The code was written using idiomatic Rust where possible, using descriptive names throughout. I feel that no sacrifice to maintainability had to be made to accommodate any other requirement, being performance or functionality.

Modules description

  • account: Keeps track of each client account ( ClientAccount ) and contains the logic to apply transactions. Each transaction pre-condition is checked. In case of errors during transaction apply a detailed error object is returned with the details.
  • transaction: Models the different type or transaction as an enum with struct members ( Transaction ) to capture the data that each different transaction has.
  • input_output: Handles serialization to/from CSV file. It defines a TransactionRow and ClientRecord which model the input and output csv formats respectively. Each of these is in turn converted to the Transaction and from ClientAccount objects. Modeling the format (via serde) and the actual business model objects were kept separate as a conscious design decision, to encapsulate the format and parsing logic in TransactionRow, ClientRecord while Transaction and ClientAccount model the business logic.

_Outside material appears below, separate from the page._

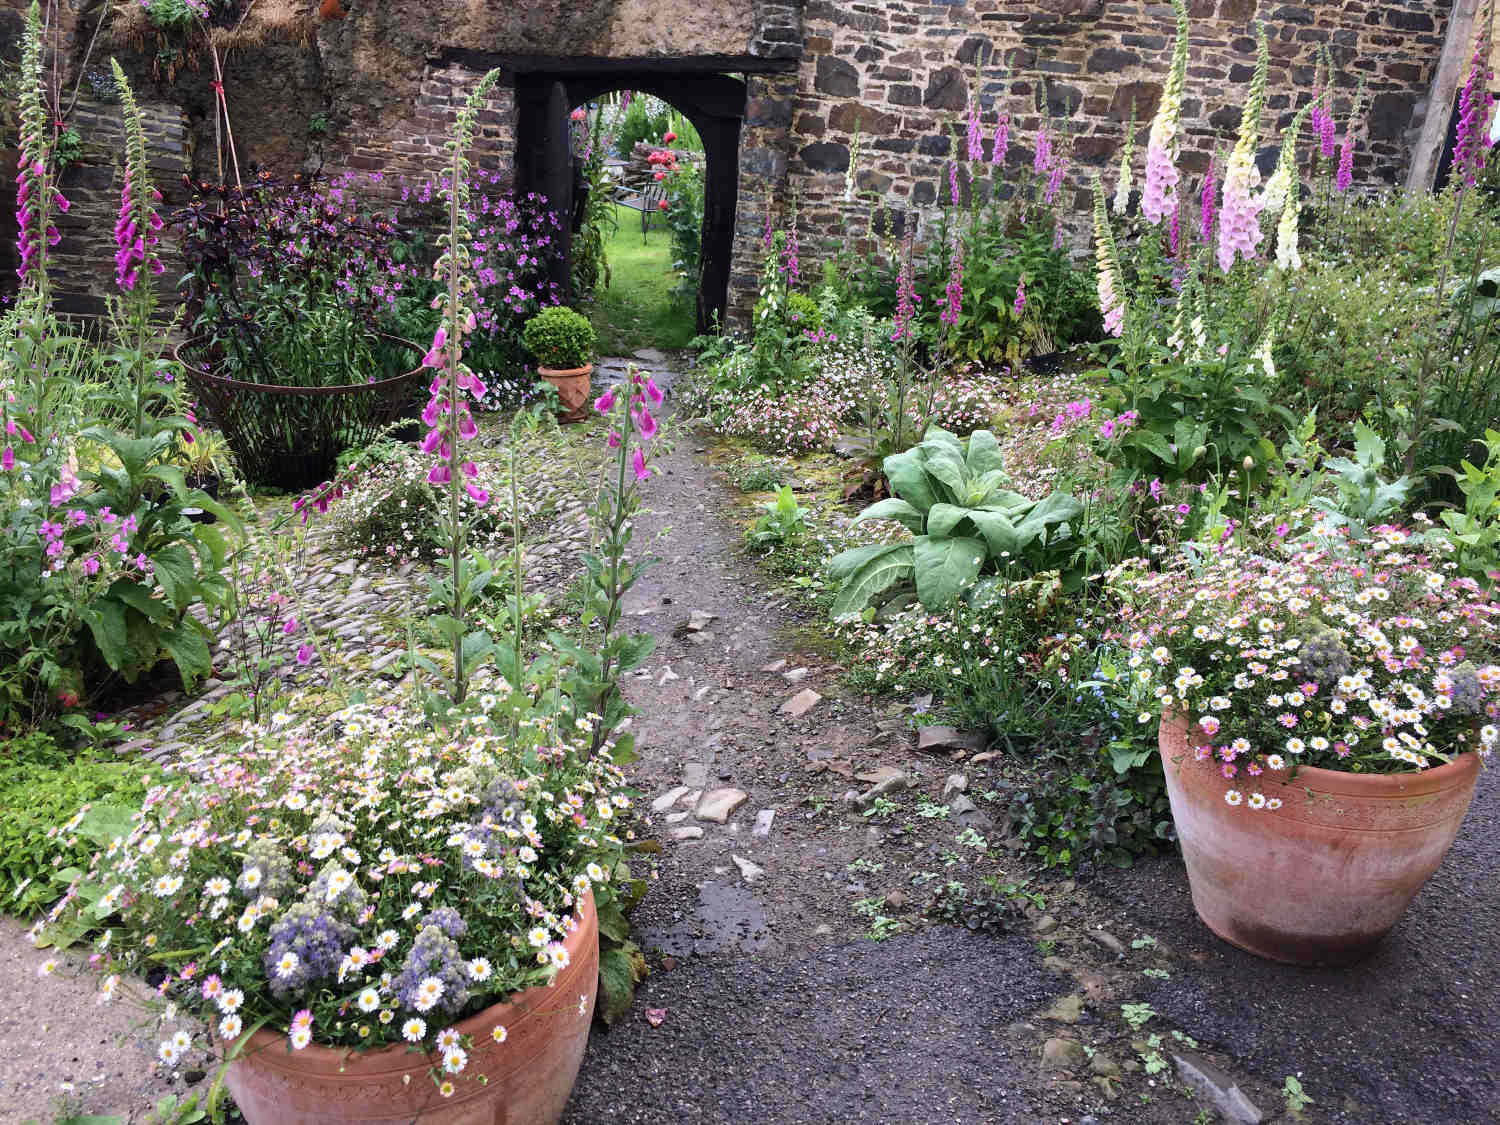 Image showing potted and bedded plants at Frizenham Farmhouse leading to an archway in the background.

  • fixed_point: Contains the custom fixed point representation. It's kept simple, as a newtype of a i128 or i64 or any other type that implements the PrimInt + Signed traits from the excellent num_traits crate. The precision is defined at compile time via a const generic argument. On the top level lib a Money type alias is defined for i128 and 4 digits of precision. 128 was deemed enough to represent monetary amounts (31 digits can be represented with 128 bits). An ideal implementation would allow arbitrary sized decimals (BigDecimal) but no satisfactory implementation was found on crates.io . Implementing full arbitrary size fixed point decimal was deemed overkill for this exercise.
  • lib: Contains the top level utility functions to drive all the above modules: To process input transactions generating the client accounts and then writing the accounts state to the output file.
  • main: Contains the command line interface handling. Argument parsing and using the lib utility functions.